The Waiting Game – Buford Pope (reviewed by T. Bebedor)

It’s always interesting when two cultures clash, when a songwriter from one part of the world hears a style of music from a totally different place but decides not only will they adopt this genre but also bring something new to it. No doubt there is a girl from China playing heavy metal guitar or a boy from Sri Lanka writing lyrics in the style of 80’s hip-hop, thanks to music streaming via the internet the world of music is small and it was only a matter of time before someone from Scandinavia would adopt America’s country music and bring the term ‘Scandicana’ to listening ears.

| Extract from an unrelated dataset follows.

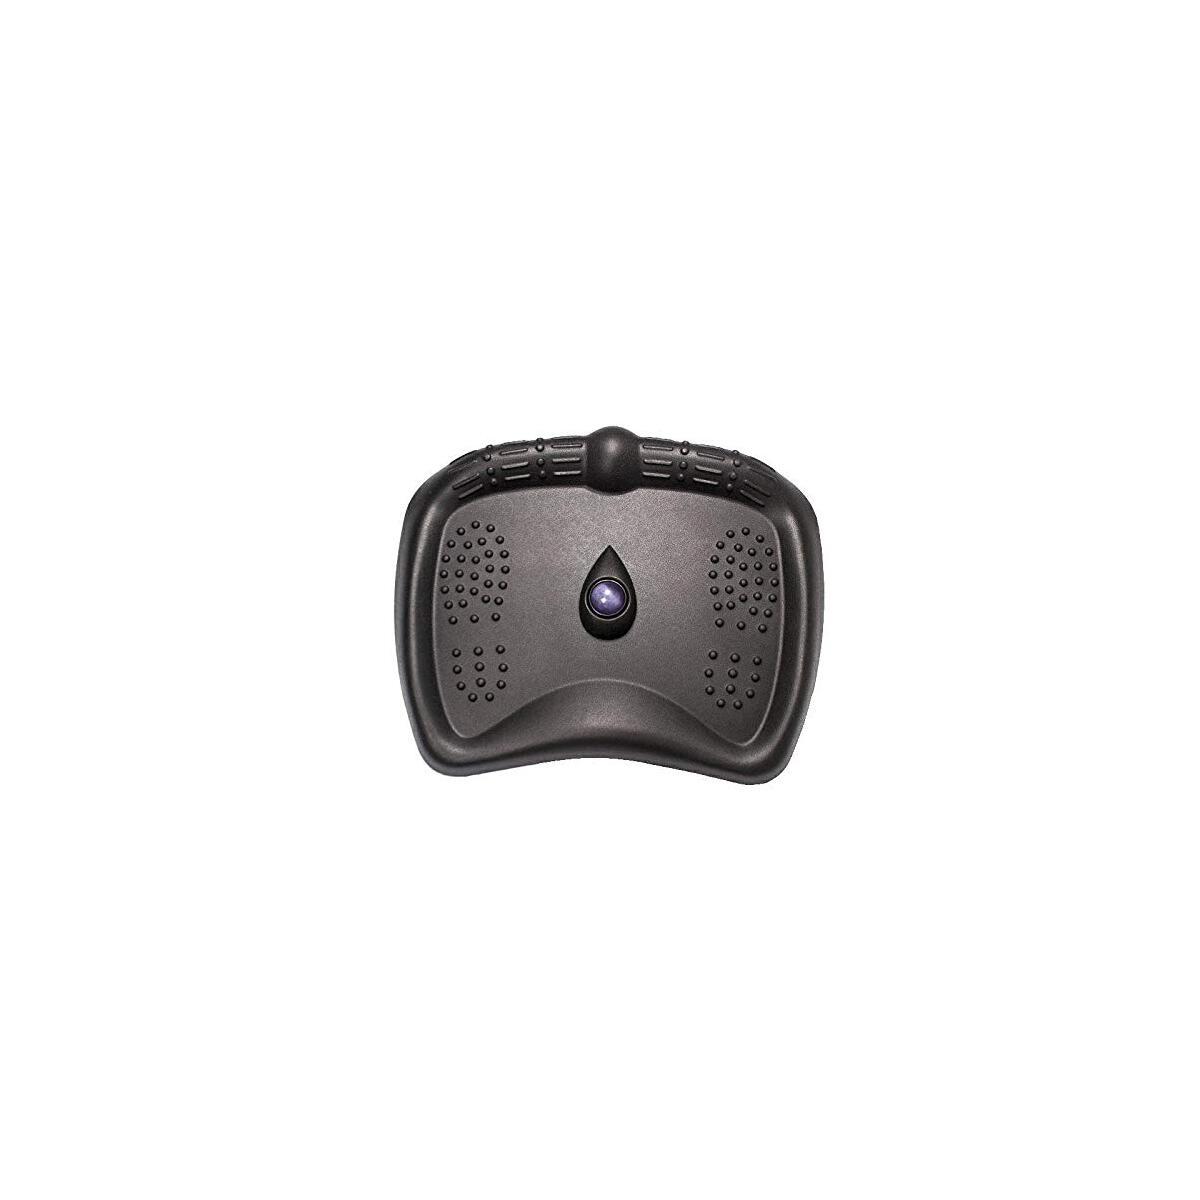 2020 Premium Anti-Fatigue Comfort Mat with Massage Ball (BK-02 green & purple only)

It’s quite obvious from the word that it’s a hybrid of Scandinavia and Americana but does it work? Is it any good? Can it hold it’s own in a world of countless singers, bands and musicians already chipping away at the already heaving shelf of new releases?

Well, yes.

Buford Pope (or Mikael Liljeborg to give his Swedish name) has brought something new to the table on his eighth album, there are subtle hints to Scandinavian music throughout but it doesn’t hinder or dilute the feeling that this could be written and played by a man from Colorado. It starts off with a love letter to the country where this music originates on the song ‘America’ with the lyrics “here I am on the outside, feeling you here on the inside” it sounds like an artist that feels he’s not being given the air time his songs truly deserve. Yes there are moments where you want the music to pack a punch and to move away from the lonely drifter character that fits so seamlessly into Southern State Blues, but no one ever said you had to be a cowboy to sing about cowboys and there is a feeling of fondness for the genre soaked into the clever lyrics and nicely produced songs.

There are some clever production choices, especially within the background music, nice piano tone and placement of violins, slide guitar and banjo reinforces which genre you’re visiting but there is also that feeling of space that seems to be in Scandinavian music, giving a hard, lonely edge to complement Pope’s unique voice.

It might not be to everyone’s taste, and the purists will probably avoid it, but it holds its own and is worth repeated listens.